Por supuesto que no es para todos y no tendría por qué serlo, pero les aseguro que vale la pena. Si quieren usar el ordenador para estudiar, trabajar, jugar, navegar por internet o lo que se les ocurra, pueden hacerlo con cualquiera de los sistemas operativos más importantes, inclcuídas las distribuciones de Linux más populares. Pero si quieren aprender y divertirse, porque tengo que reconocerlo, es divertidísimo, Slackware es una excelente opción. Además, no hay que olvidar que prácticamente todos los adelantos en cuanto a drivers se refiere son incluidos en el kernel y no dependen de ninguna distribución en particular, es decir que no sólo Ubuntu te reconocerá la placa de video y la webcam, todas lo harán, incluido Slackware.

Tras instalar la versión 13.1 (no lleva más que 20 minutos hacerlo), a las 3 horas ya tenía todo configurado y listo para trabajar.
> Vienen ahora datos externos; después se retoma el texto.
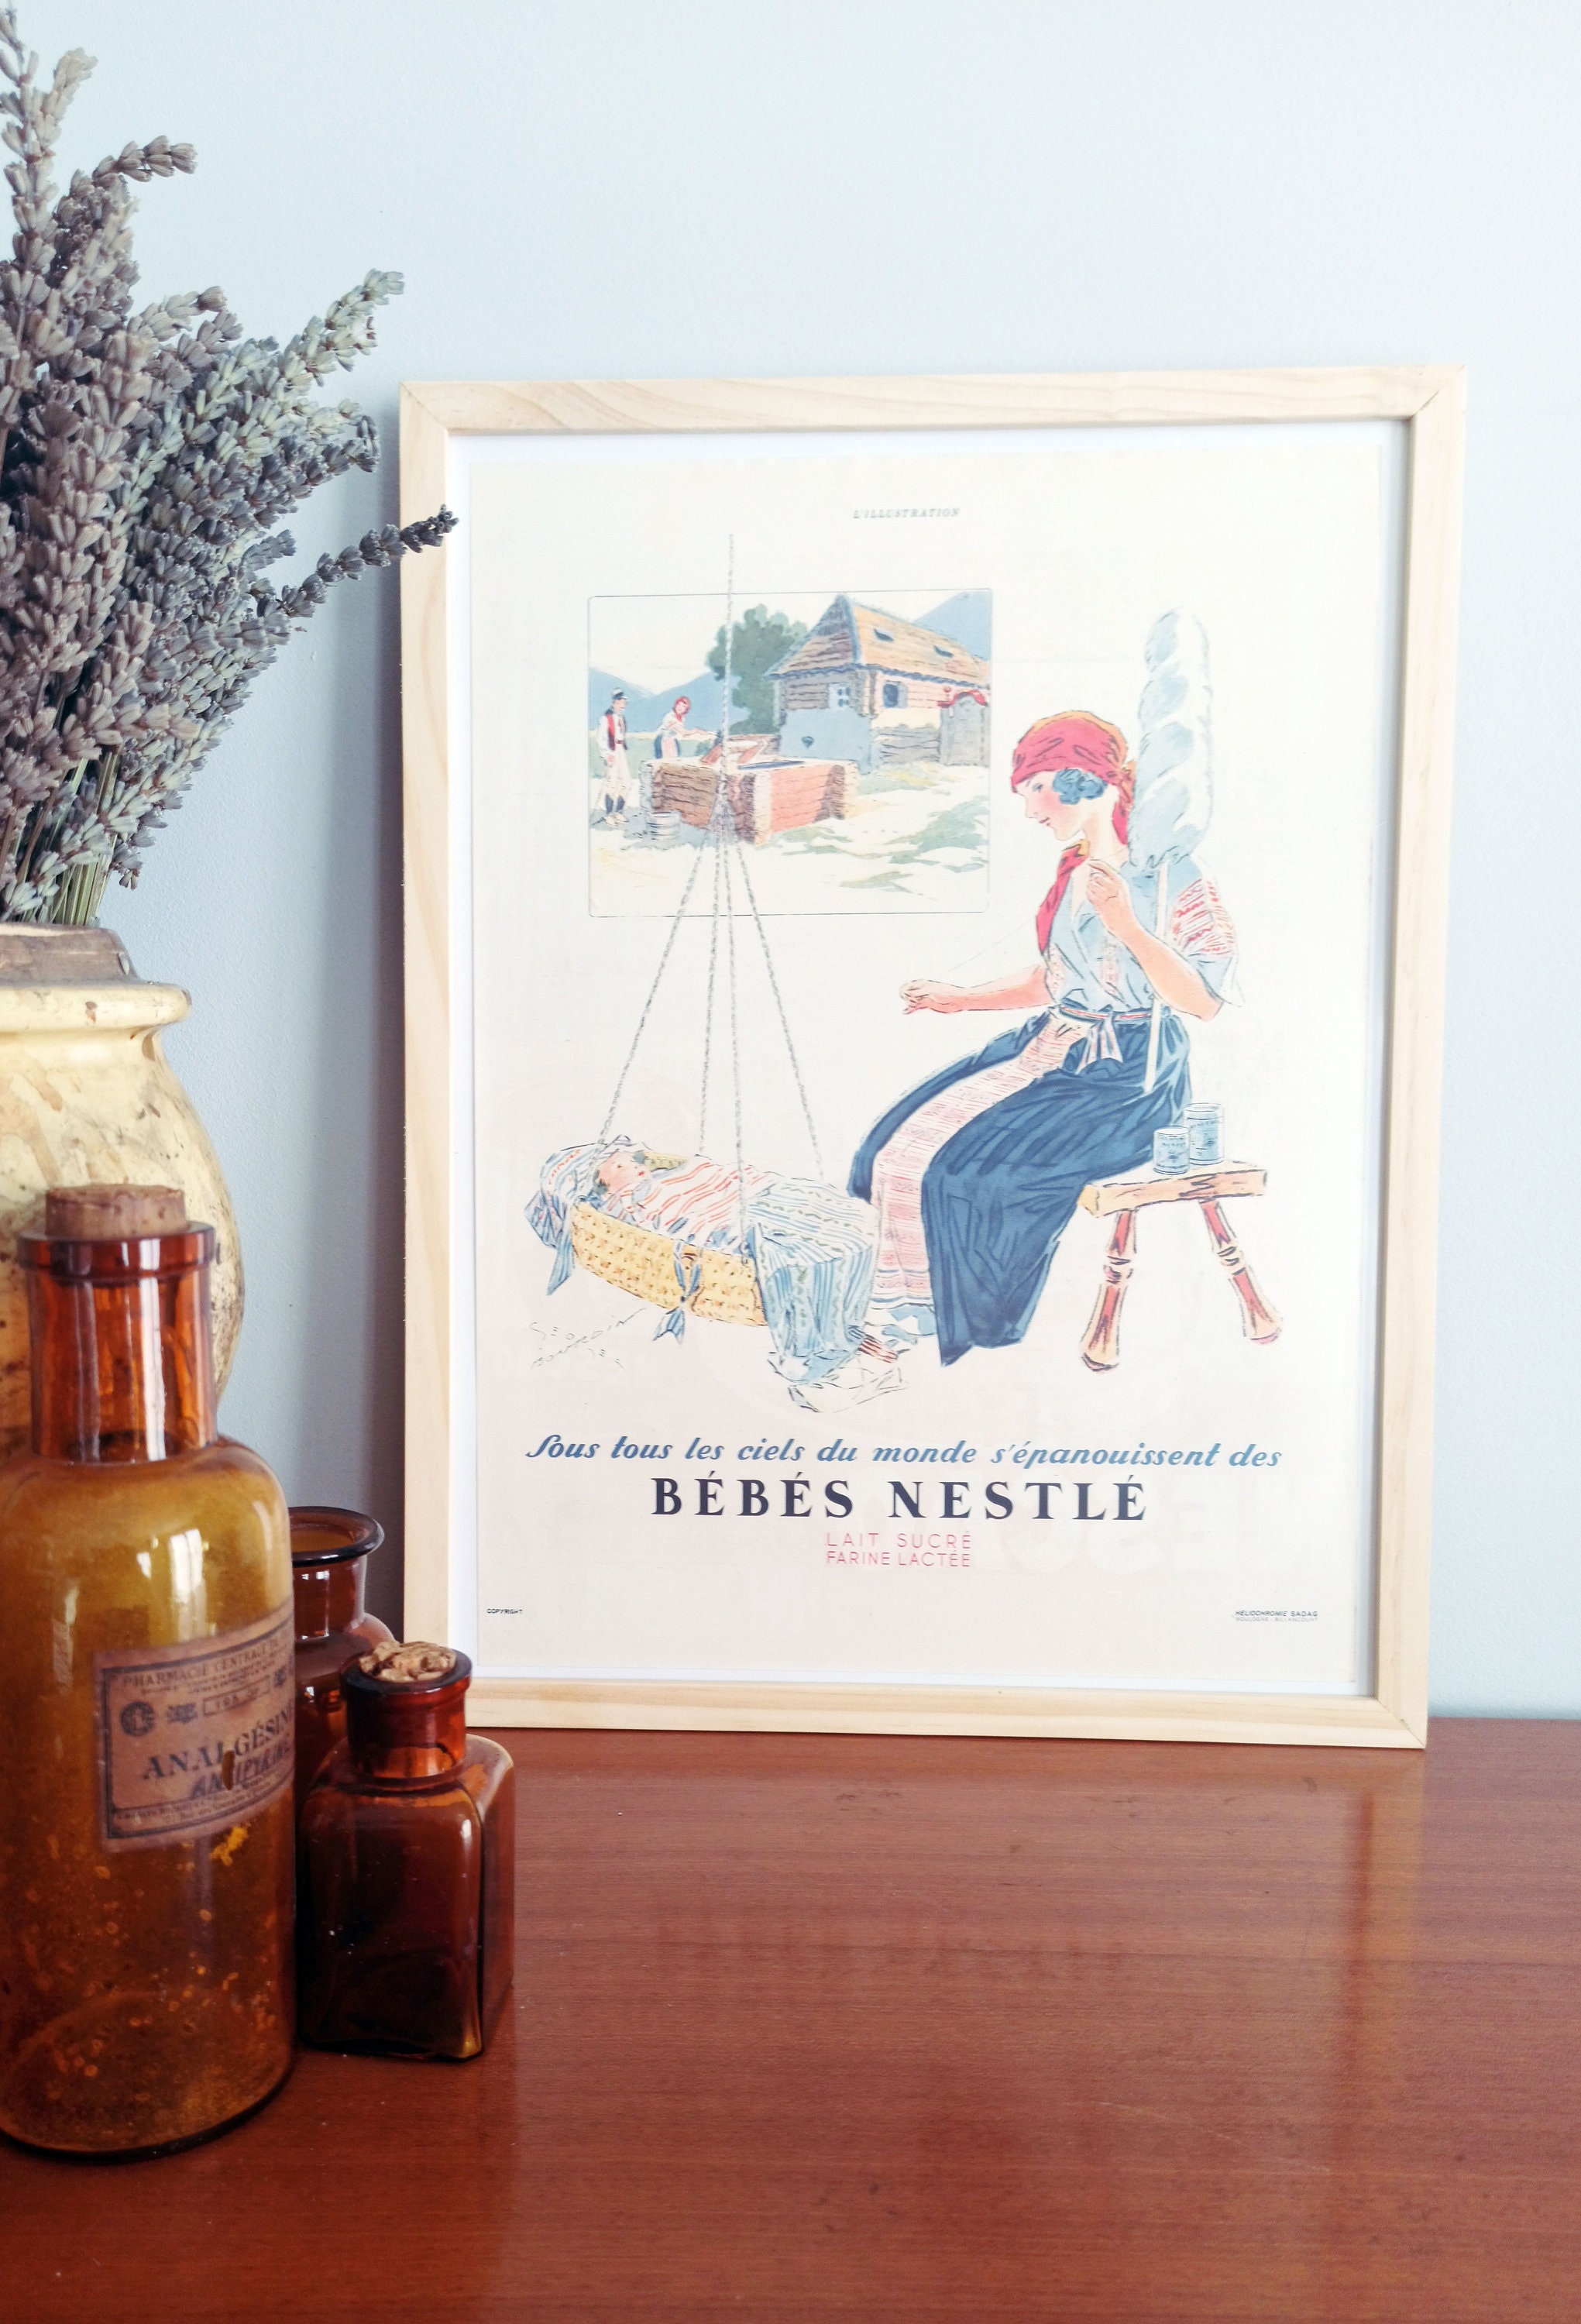 Rare & Authentique Affiche Vintage Années 30 - Bébé Nestlé -30x40cm Sans Cadre Décoration Murale Idé

Puedo utilizar mi laptop para todo lo que necesito, incluso utilizar el Skype y a la vez aprender mucho más sobre cómo funciona esta cosa que viene de Unix, el MIT, BSD (sí, Mac OS X está basado en FreeBSD), GNU y esos términos que evocan tantas historias en la cultura geek.

La comunidad de Slackware podrá ser bastante parca, pero el objetivo sigue siendo el mismo: aprender y hoy en día, no hay prácticamente error o problema cuya solución no esté en la primer página de resultados en Google, solemos abusar del tiempo de los usuarios que se toman el tiempo de revisar foros ayudando a usuarios inexpertos. En conclusión: no es tan difícil, aprenderás muchísimo y te divertirás de igual manera, así que si tienes un disco extra y te animas, prueba Slack.